_Source material_

........

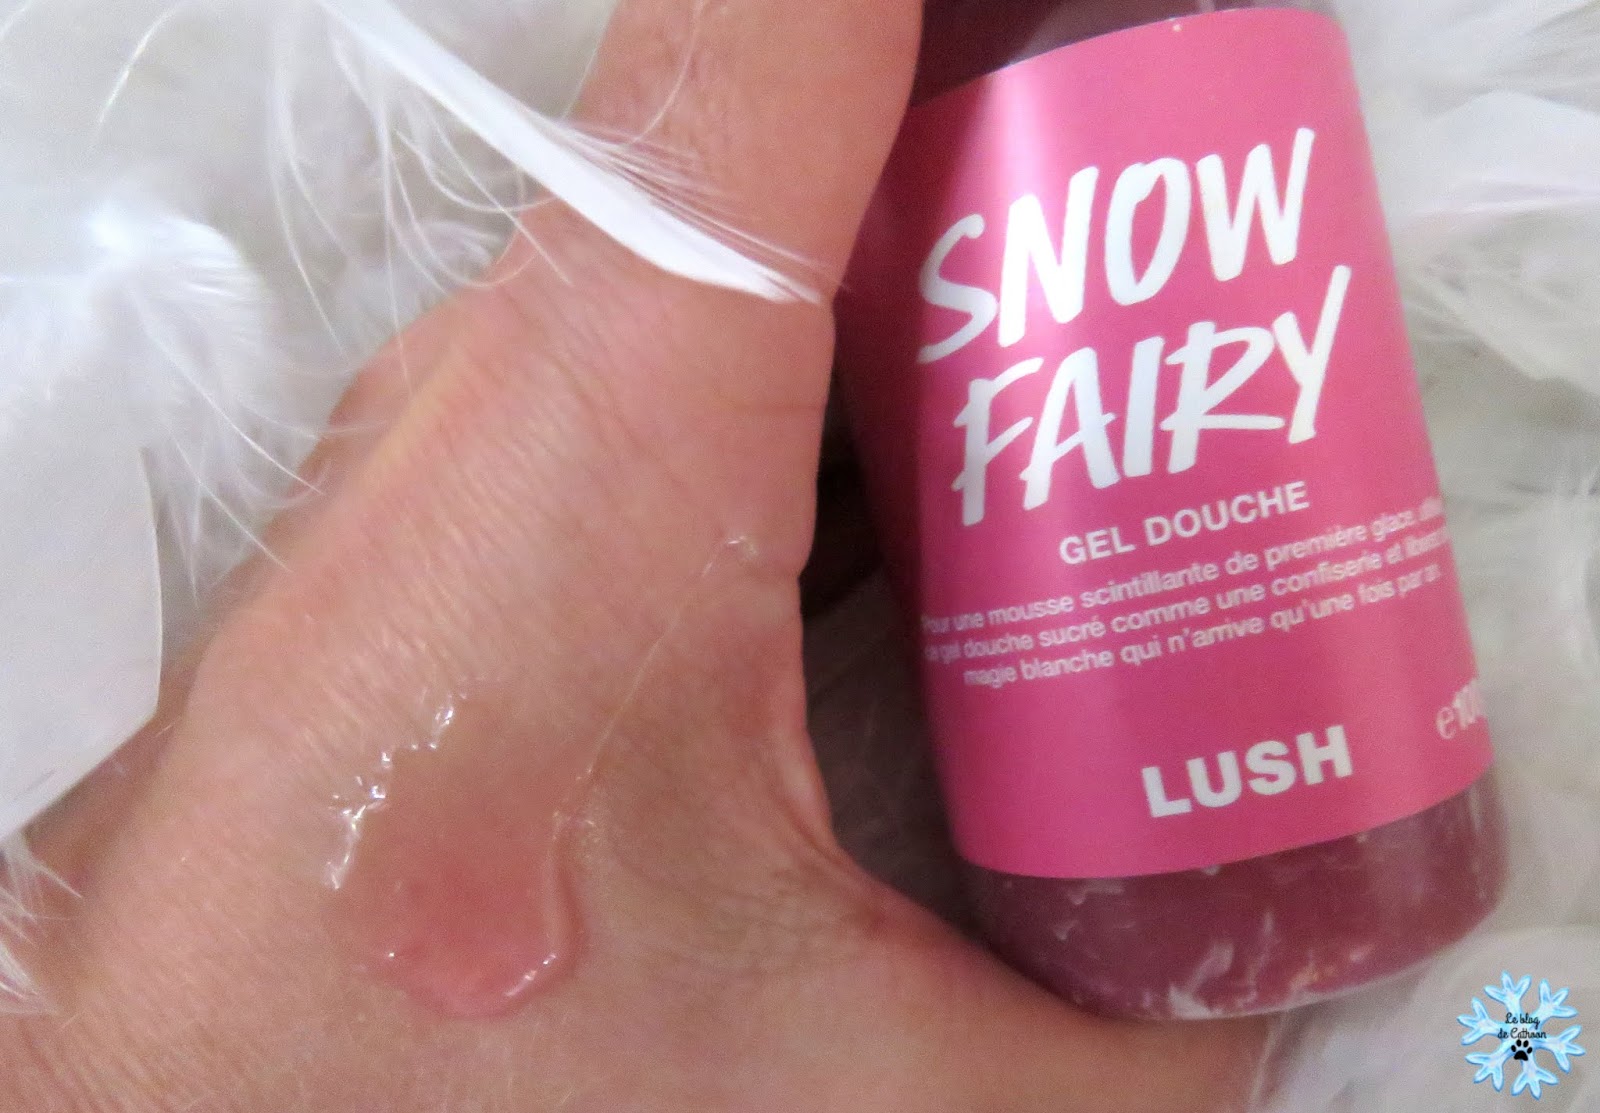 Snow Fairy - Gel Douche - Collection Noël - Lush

........

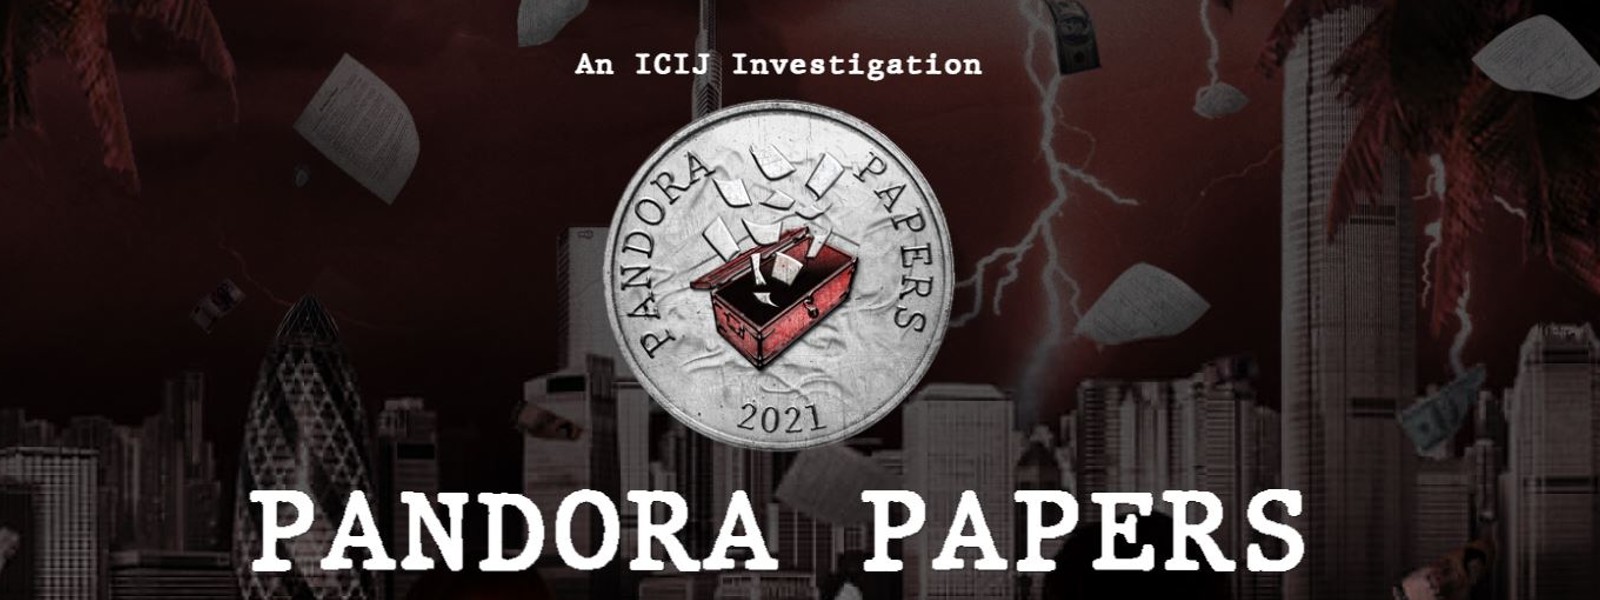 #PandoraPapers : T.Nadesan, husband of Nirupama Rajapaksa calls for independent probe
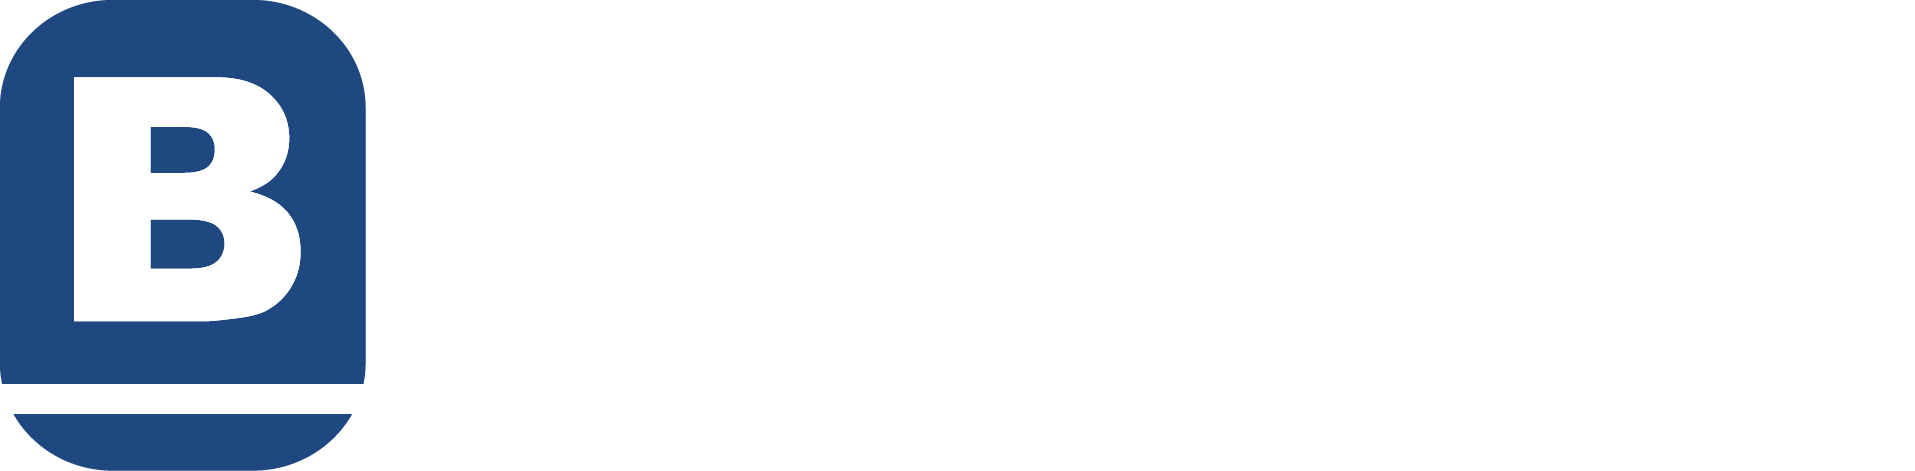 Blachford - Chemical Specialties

........

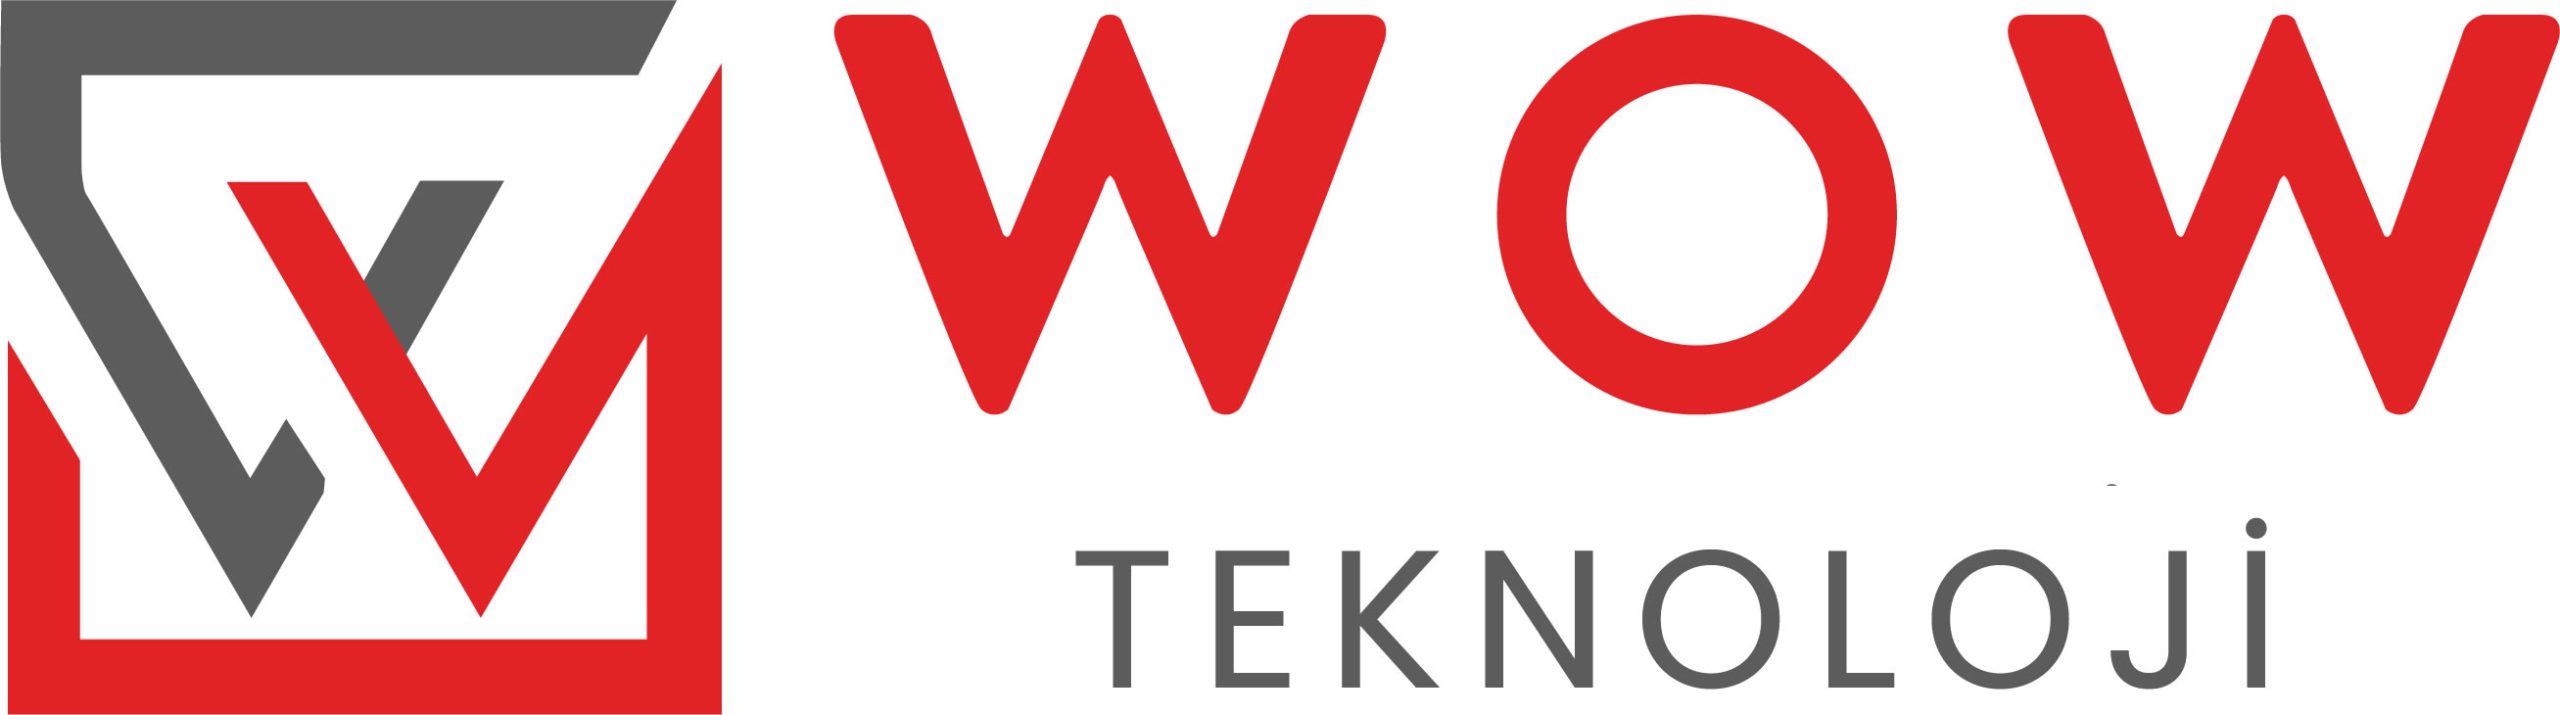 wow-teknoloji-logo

........

_How to complete this task_
With the pictures omitted, copy exactly the lines of the listing above starting at the line containing "#PandoraPapers : T.Nadesan, husband" and ending at the line containing "Blachford - Chemical Specialties", both included.

_Exercise output_
 #PandoraPapers : T.Nadesan, husband of Nirupama Rajapaksa calls for independent probe
 Blachford - Chemical Specialties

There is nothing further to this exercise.